There are many people who have helped to make this project possible. I would like to step back several years and thank an acquaintance of mine who on a very cold and grey day in New York City suggested that I read The Sheltering Sky, Bowles first novel. This book took me on an immovable journey, through an itinerary where I often return, and will never forget. For myself, the Bowles project began here.

I would like to thank Robert Stearns, Director of the Wexner Center and Carol Parkinson, Director of Harvestworks for making it feasible. Brenda Hutchinson, Richard Horowitz, Antonin Kratochvil and Tom Lopez have brought the production together and have given it a distinct identity.

This project would have been much more difficult if it was not for guest editor Stephen Frailey. His thorough knowledge of Bowles work as well as his patience with us was essential.

Last and certainly not least, Paul Bowles whose eloquence and wit has made this an extraordinary and intimate experience for us all. Many Thanks !

-- Claudia Gould


Introduction

TELLUS #23 is an audio portrait of Paul Bowles, who has distinguished himself as a composer and musicologist, as a conservator of oral narrative and Moroccan music, and as an author of stunning lucidity and originality.

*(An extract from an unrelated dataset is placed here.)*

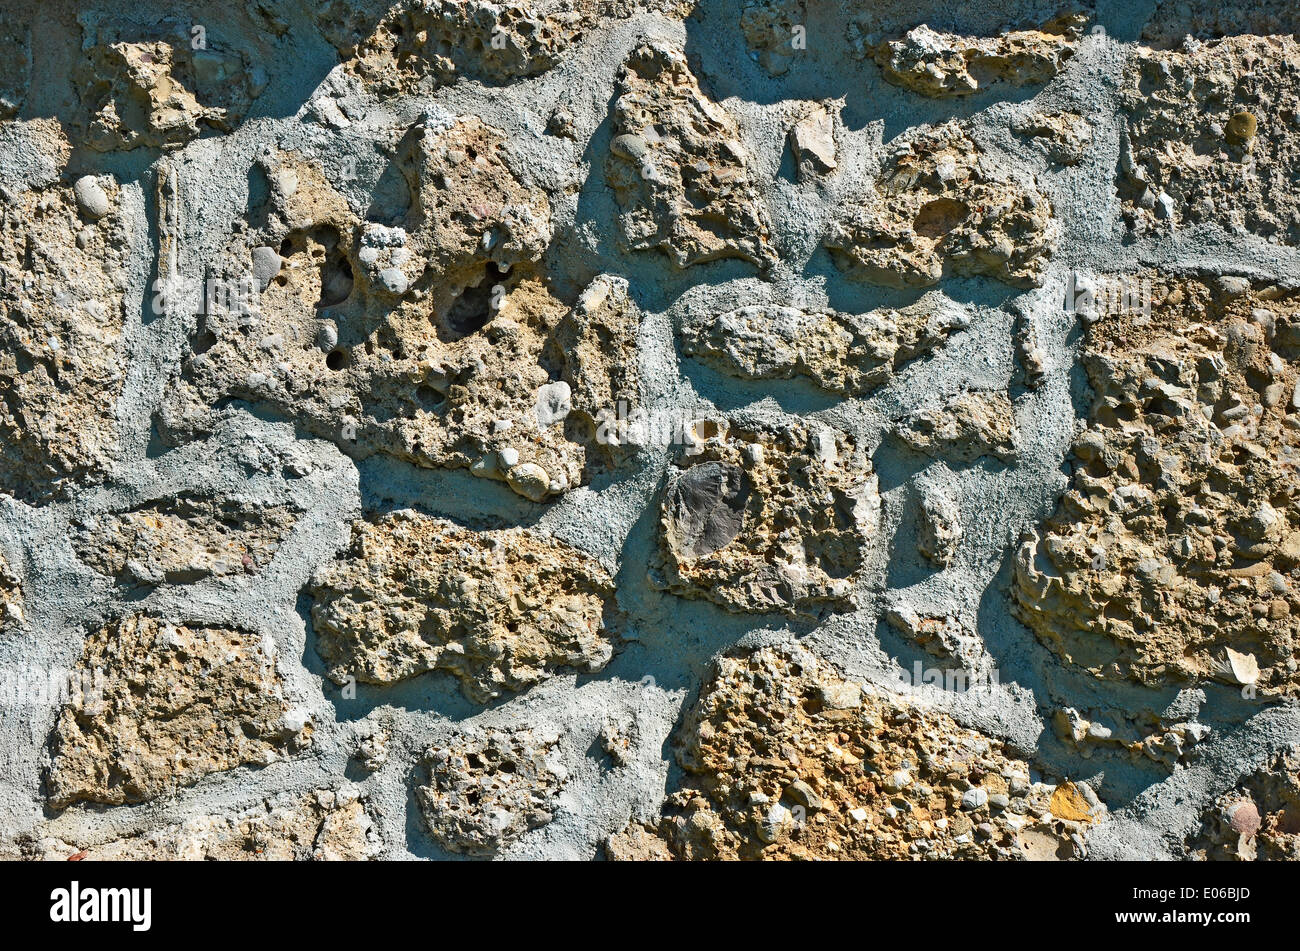 Masonry - Old stone wall structure from individual units laid in and bound together by mortar. Stock Photo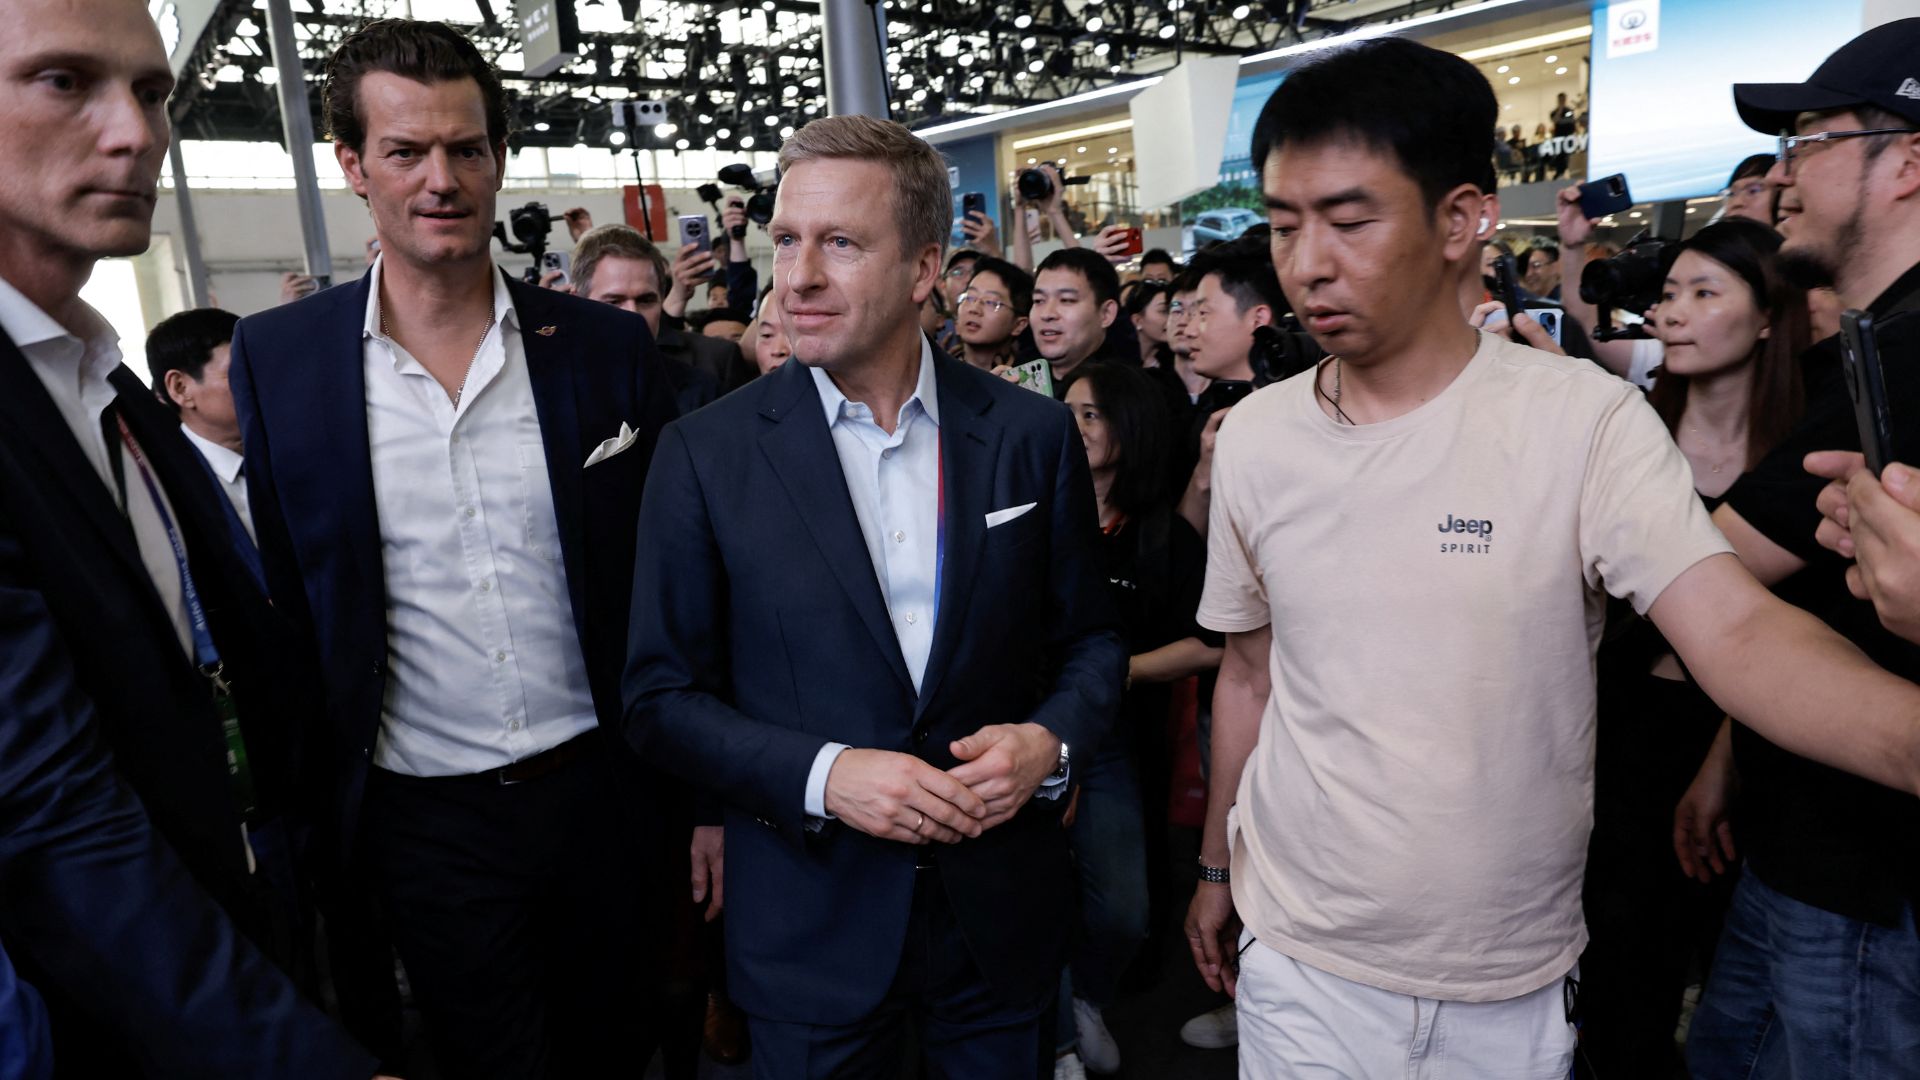 BMW's CEO Oliver Zipse at the Beijing International Automotive Exhibition last month - but will his company's joint ventures in China be punished by new tariffs? /Tingshu Wang/Reuters

With the assistance of the Rockefeller Foundation, Bowles traveled throughout Morocco in the last months of 1959 to record indigenous folk music that, he feared, would soon be extinct despite its importance to a culture of almost complete illiteracy. Excerpts from these recordings, preserved by the Library of Congress, are included here and selected not for their ethnographic specificity, but as they embellish and amplify certain tendencies in the narrative.

Side one begins with the voice of the muezzen, whose haunting call to prayer echoes daily from the mosques and permeates the aural fabric of Islam.

From a collection of over sixty short stories, I have chosen three that, while exemplifying Bowles' precise rendering of psychological labyrinths, also

illuminate the nuances of a culture that is often characterized by its incomprehensibility to those of a Western frame of mind.

Bowles suggested the inclusion of the lush and elegiac "Secret Words" and explained his realization that many of the themes which were to be later elaborated upon in his first novel "The Sheltering Sky" were contained there. Together with the energetic "Music for a Farce", it should provide some understanding of his work from the Thirties and Forties, prior to his involvement with non-Christian communities.

My experience in Morocco has evolved simultaneously over the past decade with my understanding of Bowles' work and with this acquaintance, and this friendship has deepened my assimilation of an enigmatic culture that subverts the security of comprehension. Bowles has interpreted and illuminated this landscape.

Throughout the years, Bowles has displayed to us his generosity, benevolence and genteel good humor, in contradiction, perhaps, to the mythology of his detachment and dispassion. This portrait, then, shall serve as gift in return, a modest tribute.